AutoQSAR/DeepChem for billions of molecules: Difference between revisions

2/25/2021 Ying Yang

Train a ligand-based ML model

Model training requires GPU thus will be on gimel5

• Prepare the input file for training in the format of <ligand smiles>,<dock score>

Example distribution of dock score

SMILES,DOCK score
C[C@H]1COCCCN1C(=O)[C@@H]1CN2CCN1CCC2,-15.98
Cc1ccccc1-c1cc(C(=O)N2CC3(CN(C)C3)C2)n[nH]1,-17.43
CNC(=O)c1ccccc1NC(=O)[C@H]1C[C@H]2CCCCN2C1,-21.03
CC[C@H](F)CN[C@@H](CNC(=O)c1ccc(F)cc1F)C(C)C,4.73
C[C@@H]1CN(C(=O)C(=O)N[C@@H](c2cccc(F)c2)c2ccccn2)C[C@H]1N,13.34
CC(C)[C@H](NC(=O)NC[C@@H]1CCN(CCc2ccccc2)C1)C1CC1,5.9
CC[C@@H](F)CNCC1CCN(C(=O)c2ccc(F)s2)CC1,-14.68
Cc1cccc(C[C@@H](NCc2cccn2C)C2CC2)c1,-40.38
CC(C)NC(=O)c1ccc2nnc([C@H]3CN(Cc4ccccc4)CCN3C)n2c1,-23.15

IMHO, ML algorithm performs well with a normal distribution.

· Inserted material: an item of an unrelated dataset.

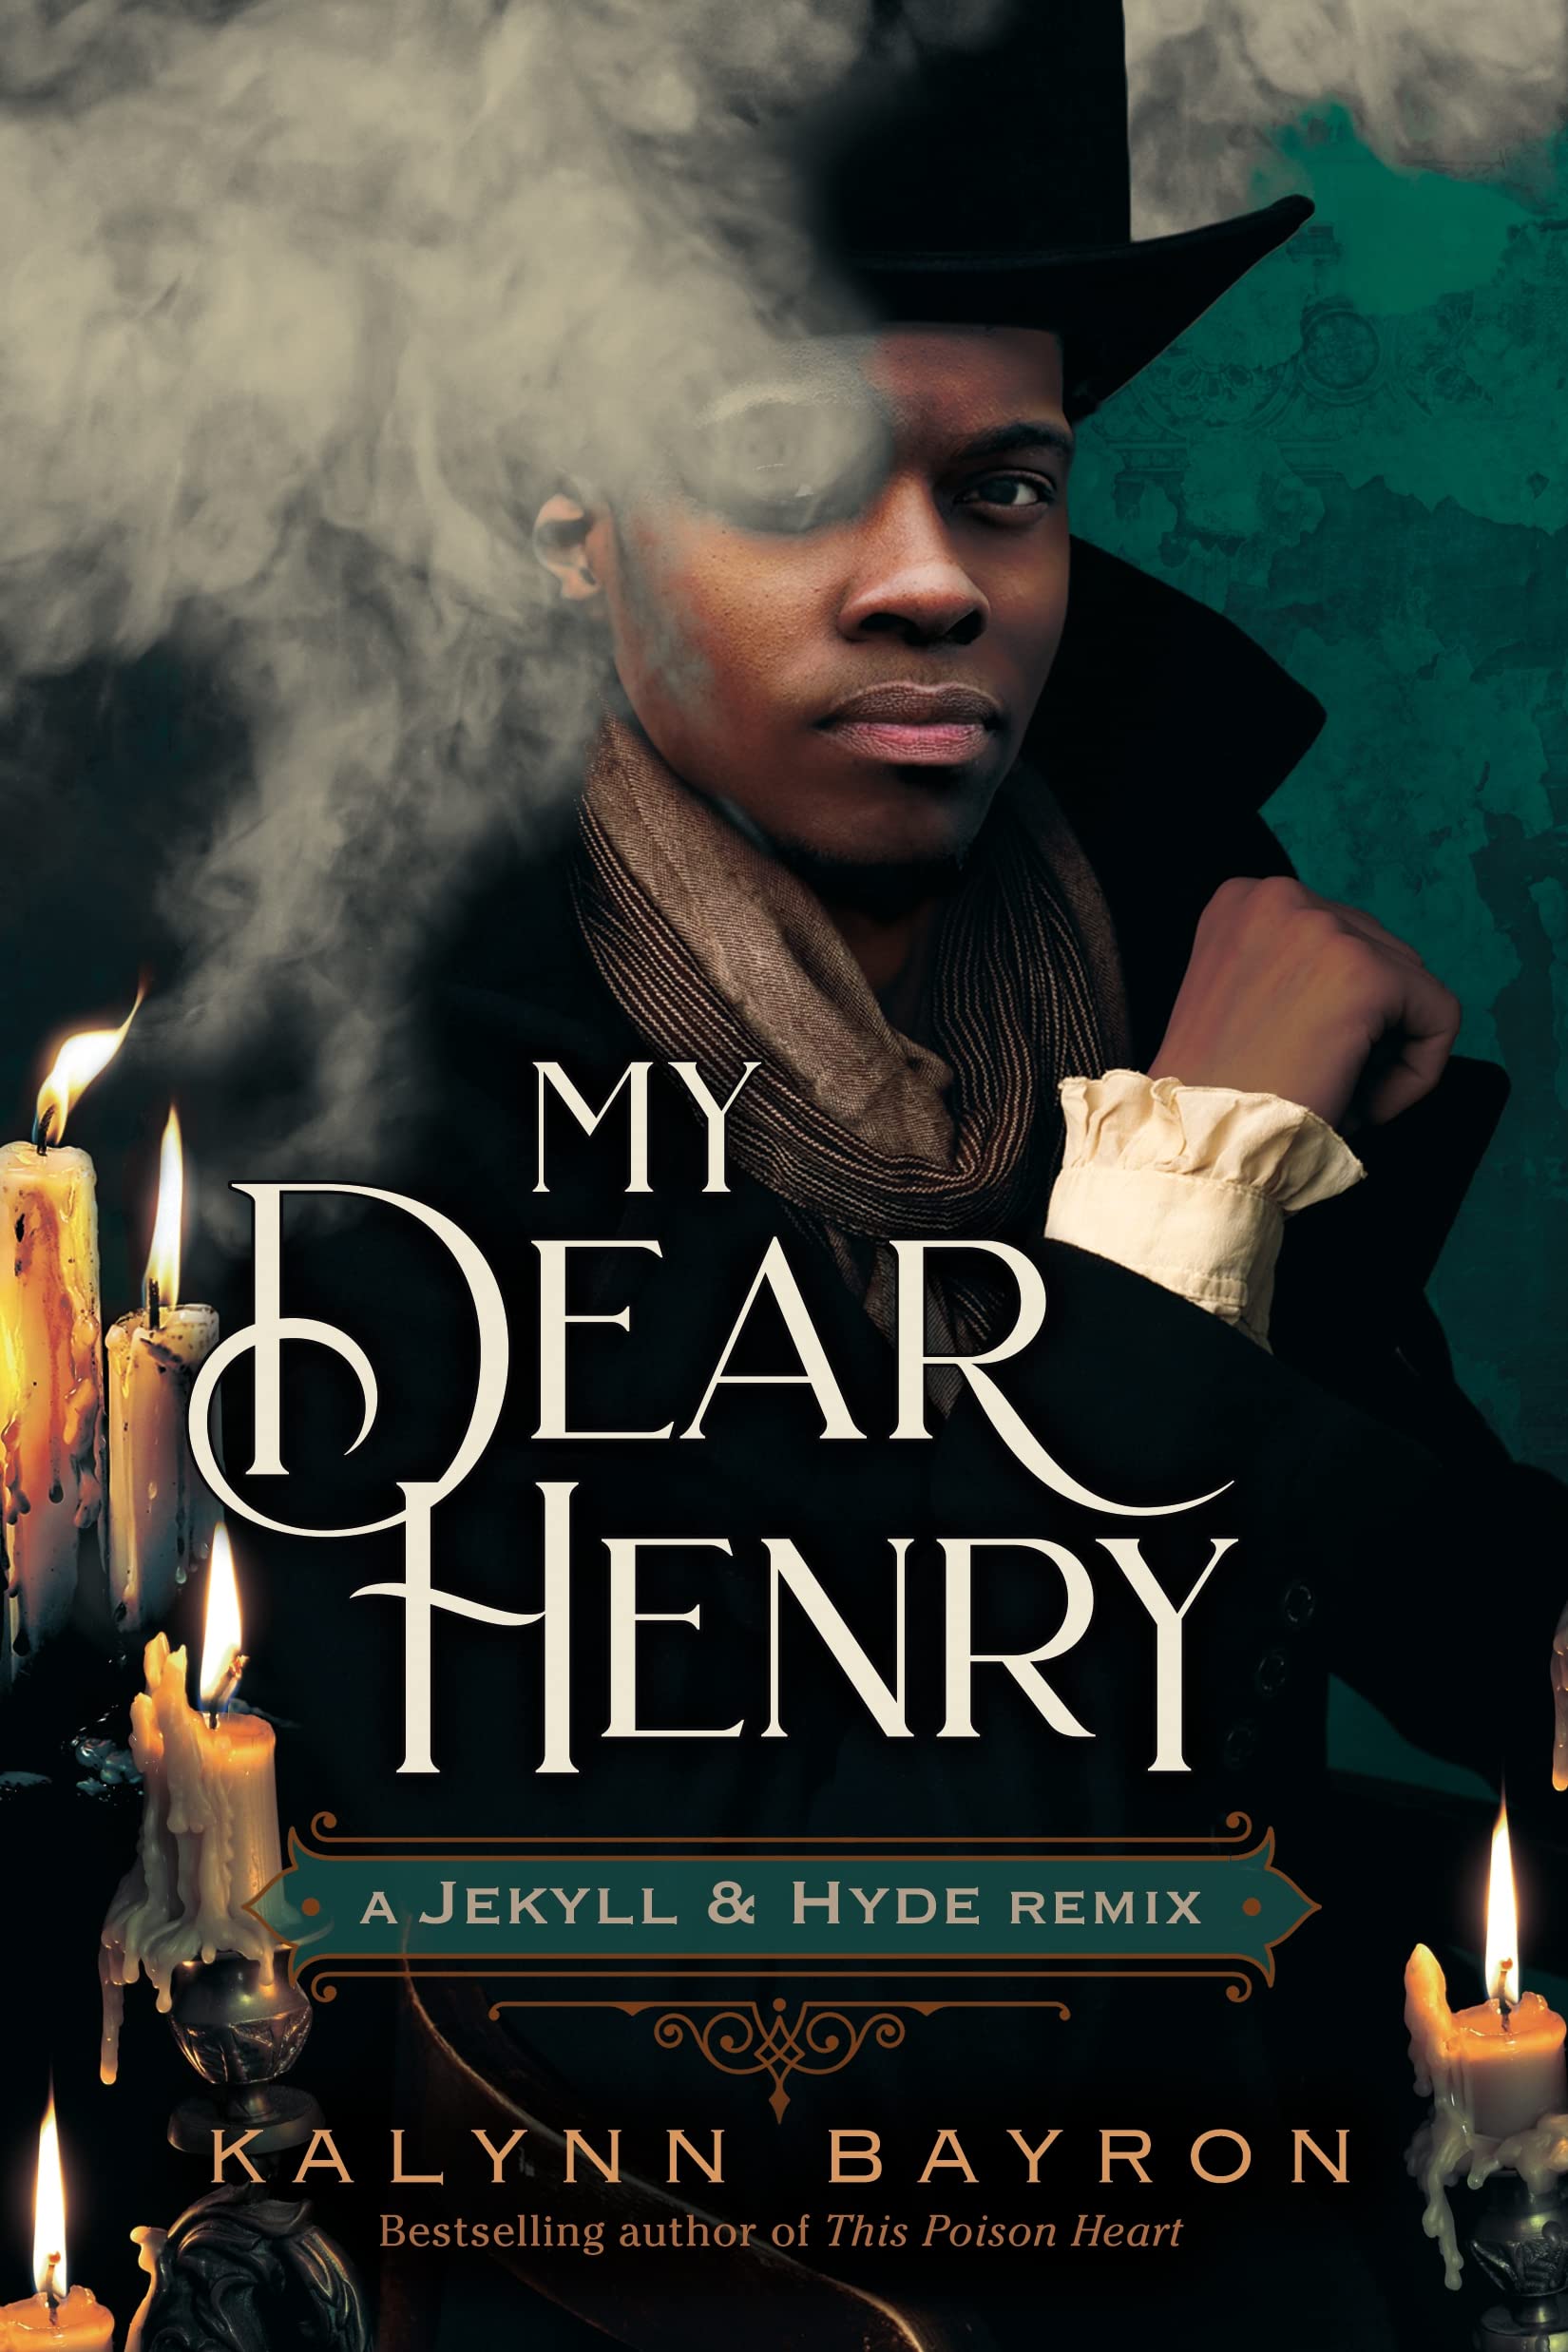 The main book cover for a book pulled by genre

If < 30% molecules cannot be docked, it's safe to ignore the non-dockable (those without a dock score).

• Prepare the submission file, and submit to

cat <<EOF > sbatch_ml_train.sh
#!/bin/bash
#SBATCH --job-name=ml_deepchem
#SBATCH --partition=gimel5.gpu
#SBATCH --gres=gpu:1
#SBATCH --ntasks=1

hostname
nvidia-smi

source /nfs/home/yingyang/programs/ligand_ml/anaconda/etc/profile.d/conda.sh
conda activate ligand_ml

# CHANGE here: to your prepared input file
infile=AL-dock_5HT5a_train.csv

i=1
ligand_ml train model_\${i} \${infile}
ligand_ml package model_\${i} \${i}
EOF

sbatch sbatch_ml_train.sh

Once the model training complete, you will see a folder 1/ and a file 1.tar.gz.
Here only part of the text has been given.